◆ **Data segment**:
* * * * * * * * *
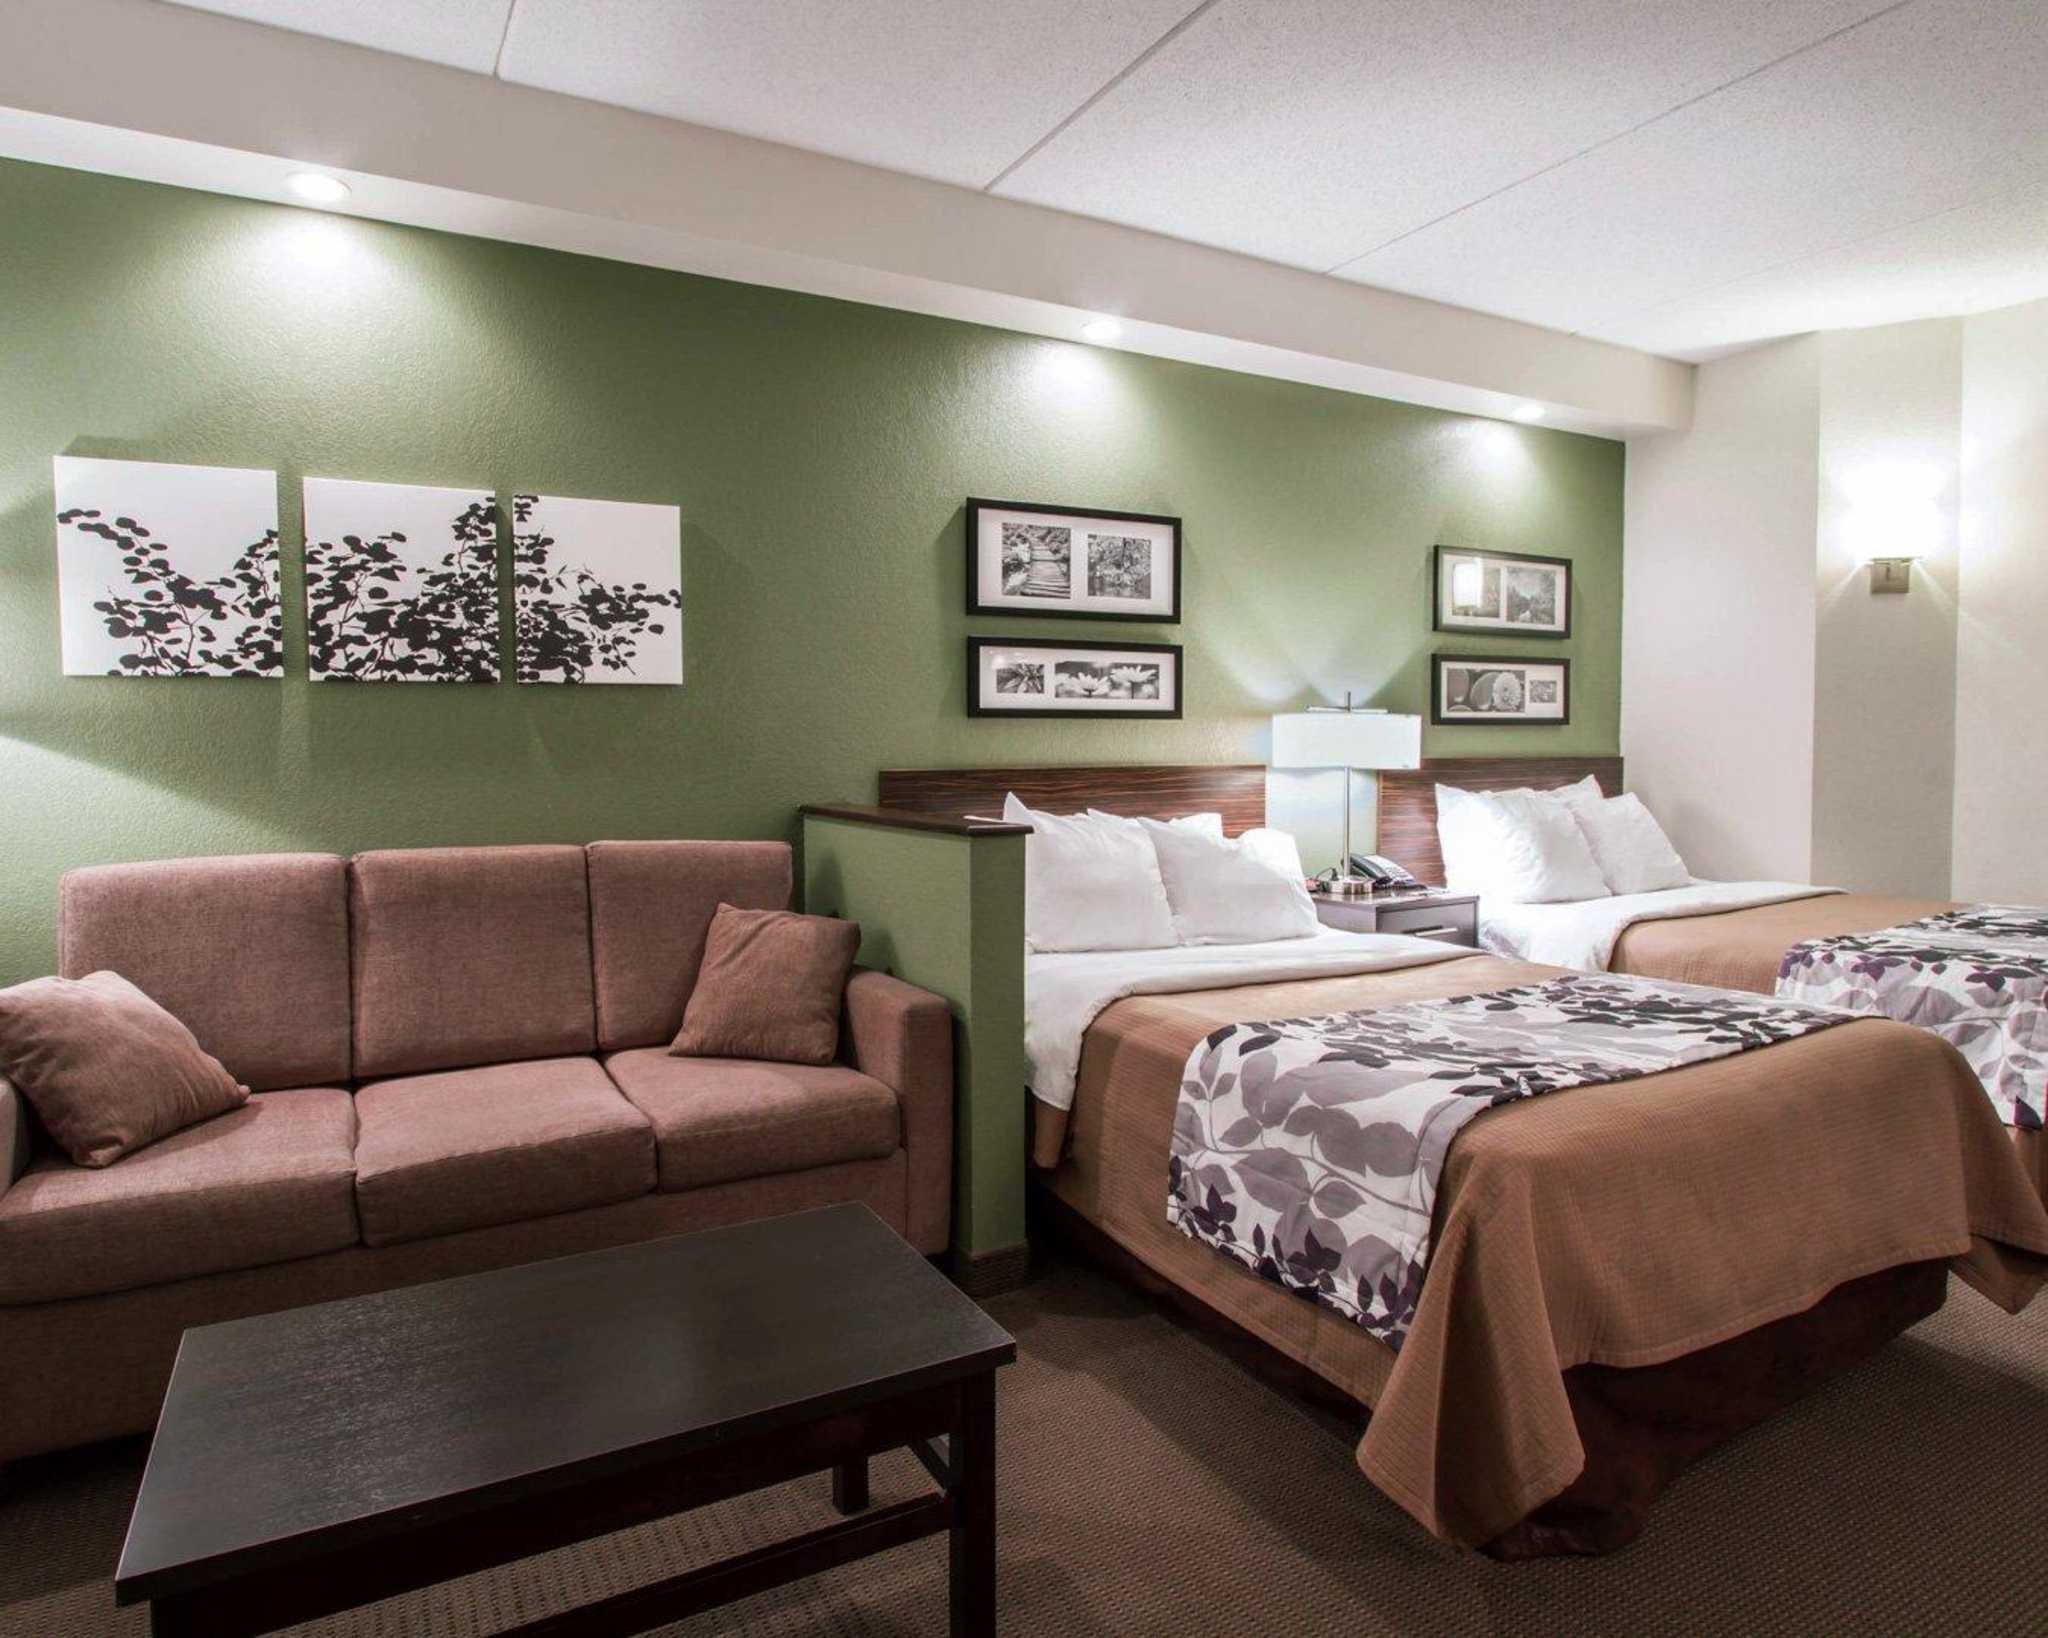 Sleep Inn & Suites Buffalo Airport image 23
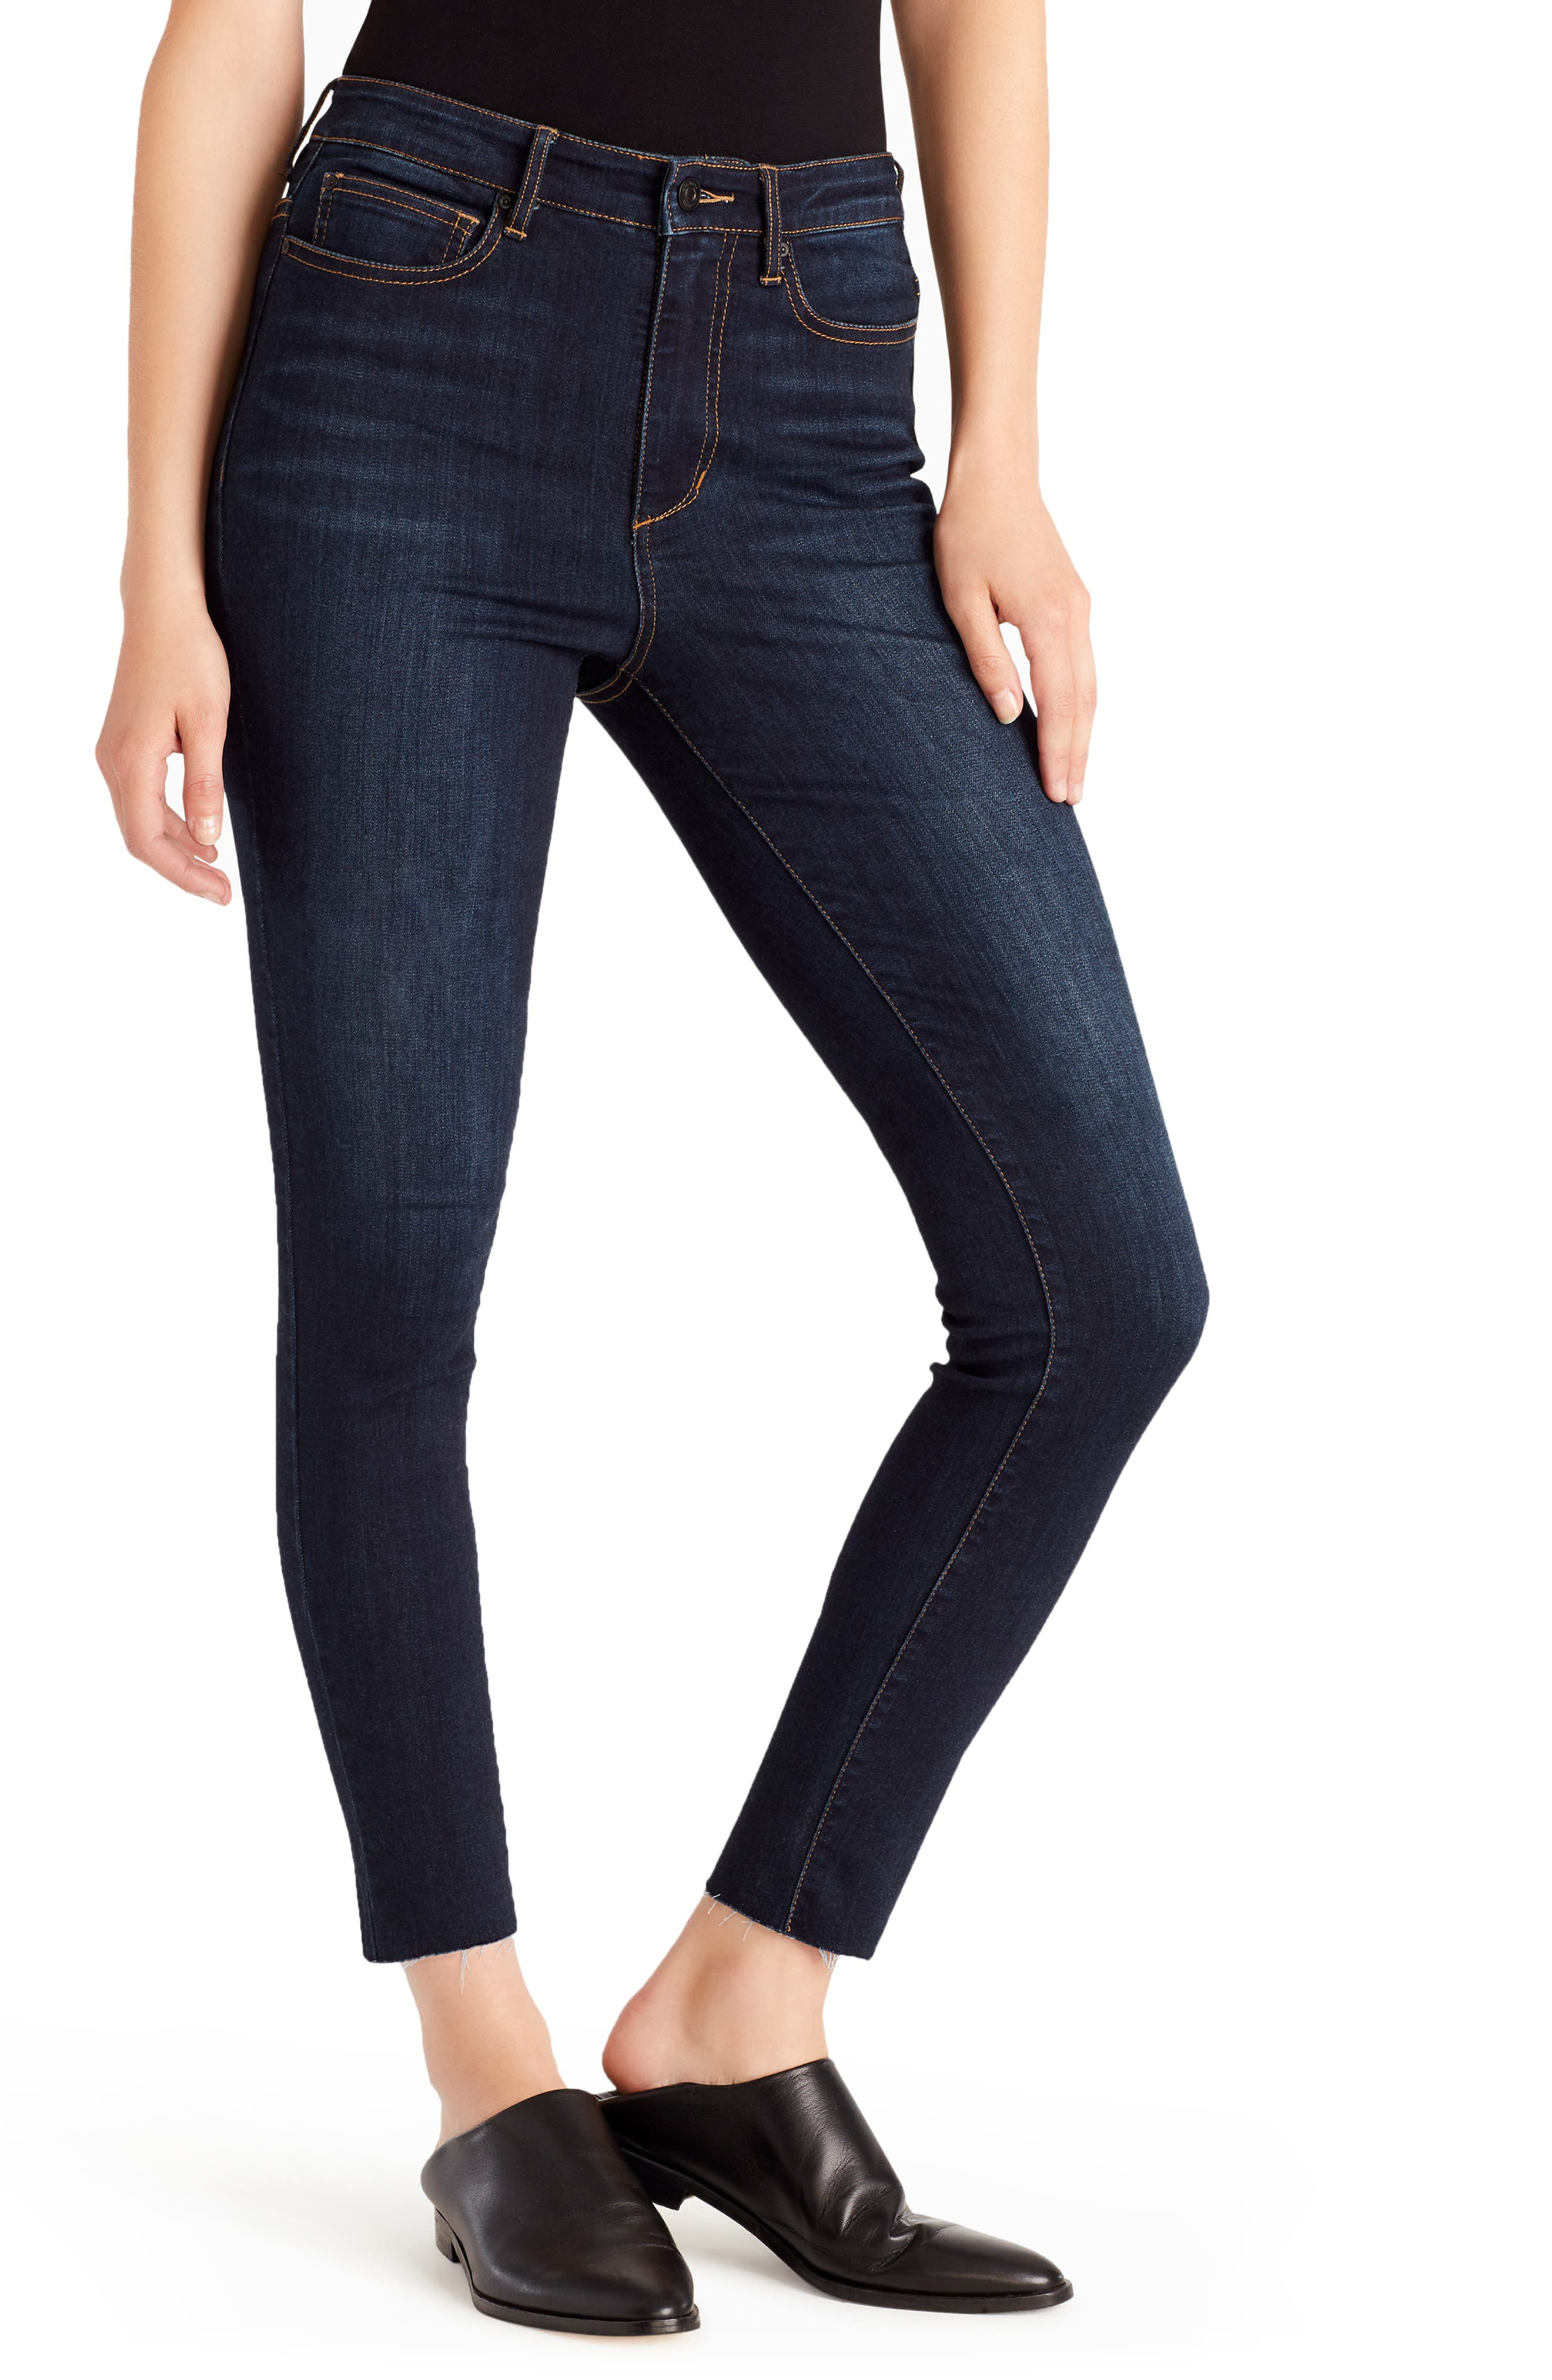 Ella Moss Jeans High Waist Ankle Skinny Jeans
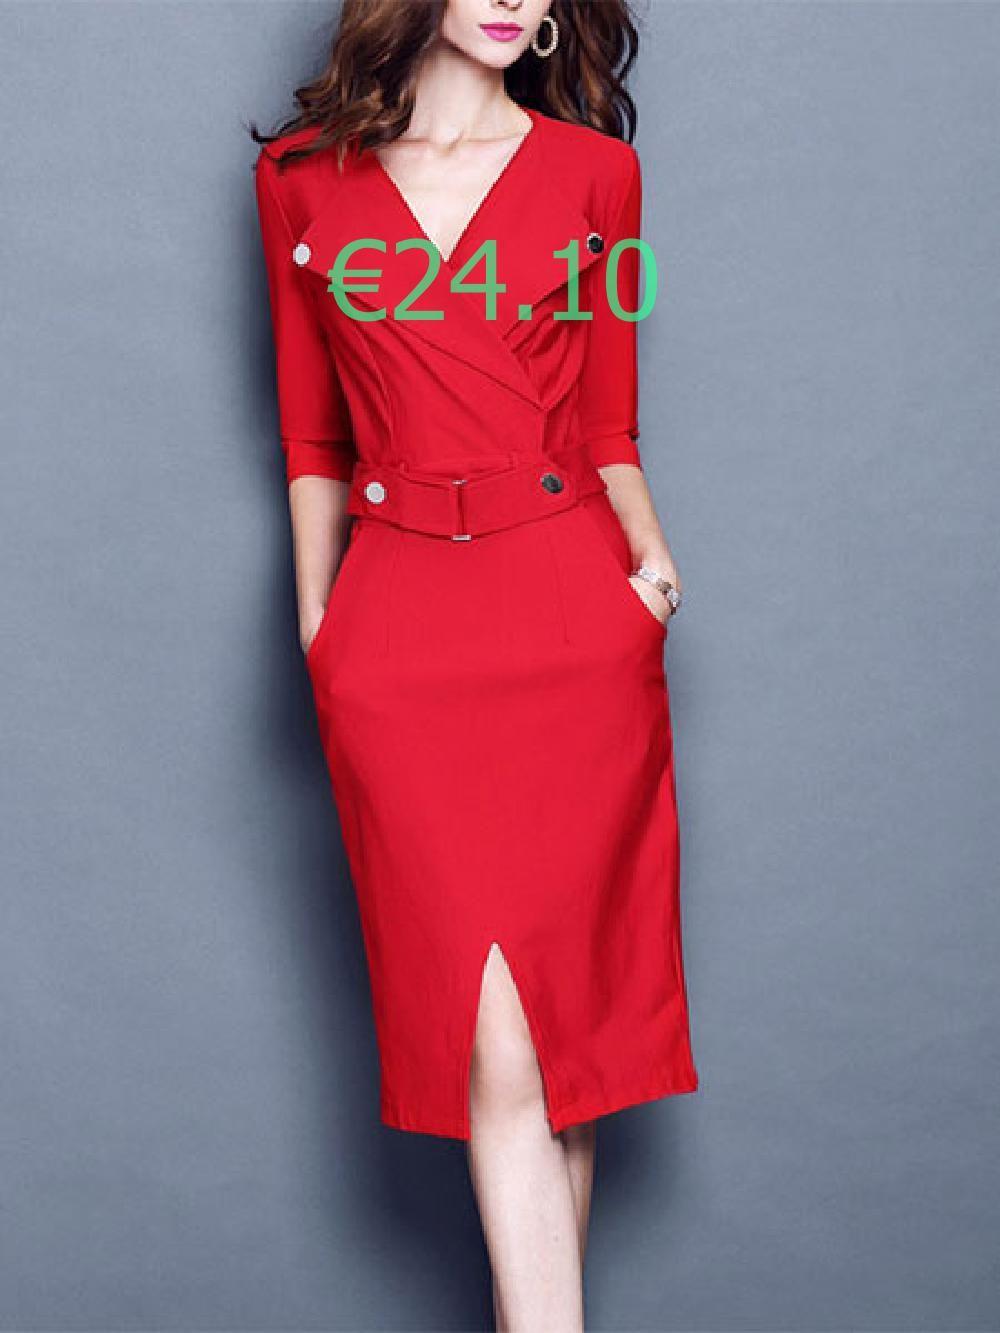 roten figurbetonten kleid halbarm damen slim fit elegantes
* * * * * * * * *
◆ **Work item**: Before writing out the material above, please remove its pictures; everything else stays exact.

◆ **Answer to the problem**:
 Sleep Inn & Suites Buffalo Airport image 23
 Ella Moss Jeans High Waist Ankle Skinny Jeans
 roten figurbetonten kleid halbarm damen slim fit elegantes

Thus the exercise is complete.